Data analytics using graph data science
The ability to perform various analytical queries provide unique value for PLM systems because it brings analytics to active data sets. There is no need for ETL or a conversion of data into another platform. Graph databases run very specific analyses by running various graph specific algorithms.
PLM Data Modeling – File, Table, Tree, Graph
The power of the graph is the ability to retain the rich semantics of the data while providing a very powerful way to query data.
Three of the most popular data paradigms in CAD and PLM are Files, Tables and Trees (hierarchies). However, this information can be transformed into a graph that explains not only the data but relationships and semantic dependencies between data. Capturing these relationships and dependencies allows for building analysis and decision-support tool to help manufacturing companies.
The Future Value of Graph Databases for Product Development and PLM
Graphs and graph databases are quickly becoming a very powerful product data management paradigm. Meanwhile, industrial companies are sitting on a goldmine of data with limited set of options on how to turn it into value and competitive business advantage.
Graph databases can be used for a variety of these tasks. Where graphs and graph databases are powerful is in developing solutions to manage relationships. Where graphs really shine is around relationship analysis. Connections between people, things and companies are where value can be created.
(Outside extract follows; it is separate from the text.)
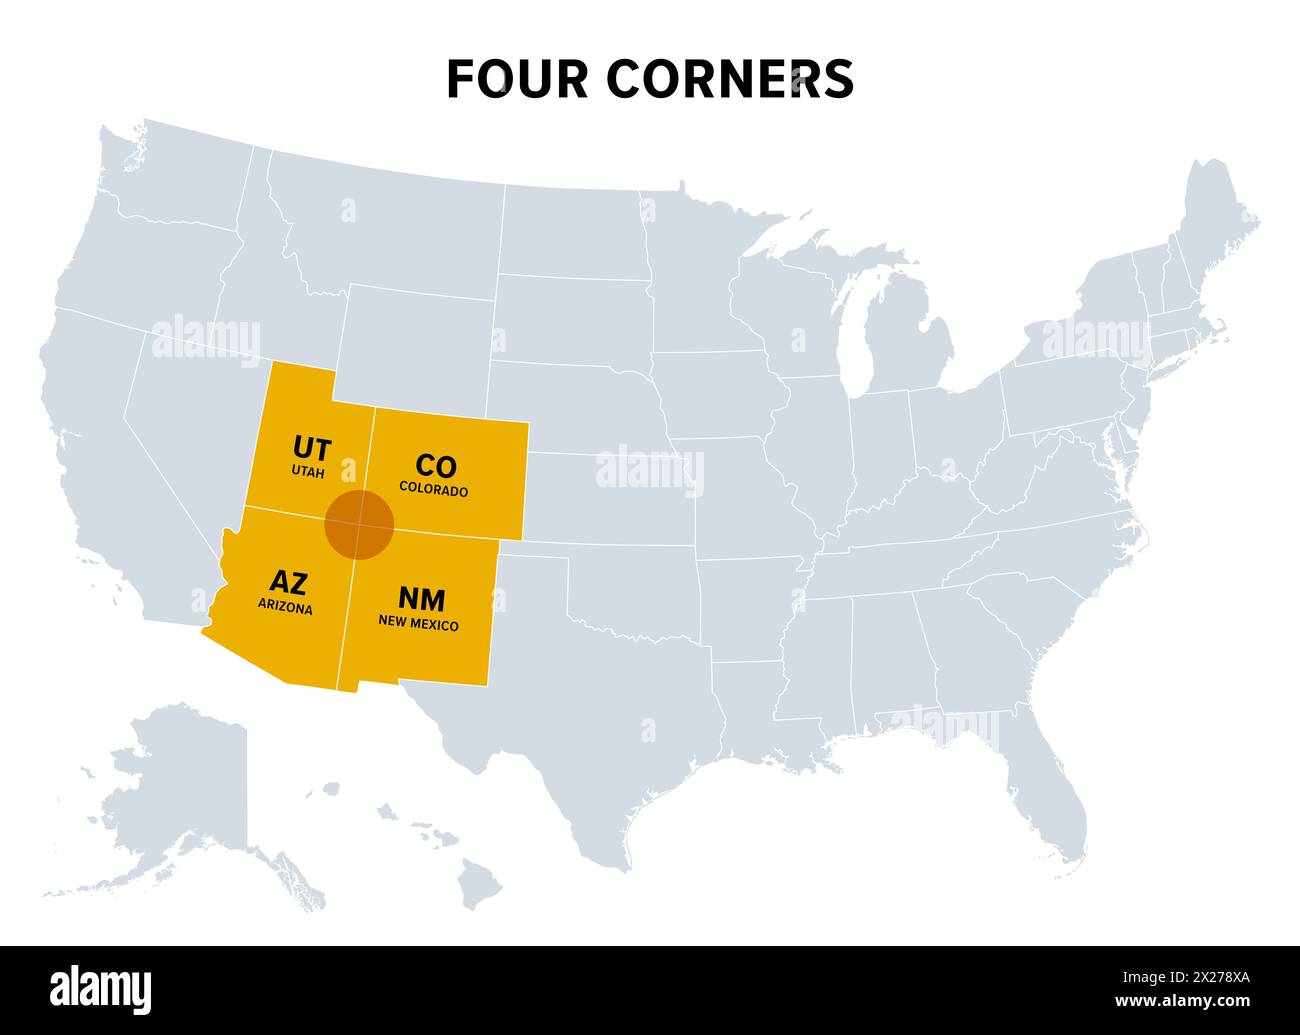 Four Corners, une région du sud-ouest des États-Unis, carte politique. Seule région des États-Unis où quatre états partagent un point frontière. Banque D'Images

Although not every problem is a graph problem, PLM applications and specifically BOM management have multiple applications to using a graph database, especially where other data management solutions are inefficient.
PLM systems are transforming. Modern online platforms are focusing more on how to manage data and less on the applications. The latter has a shorter lifecycle compared to data. Because of that, there is a need for a more flexible and robust data management foundation capable of scaling and supporting data semantics while being a source of analytics on product data.
Oleg Shilovitsky is Co-founder and Chief Executive Officer at OpenBOM, and author of the Beyond PLM blog.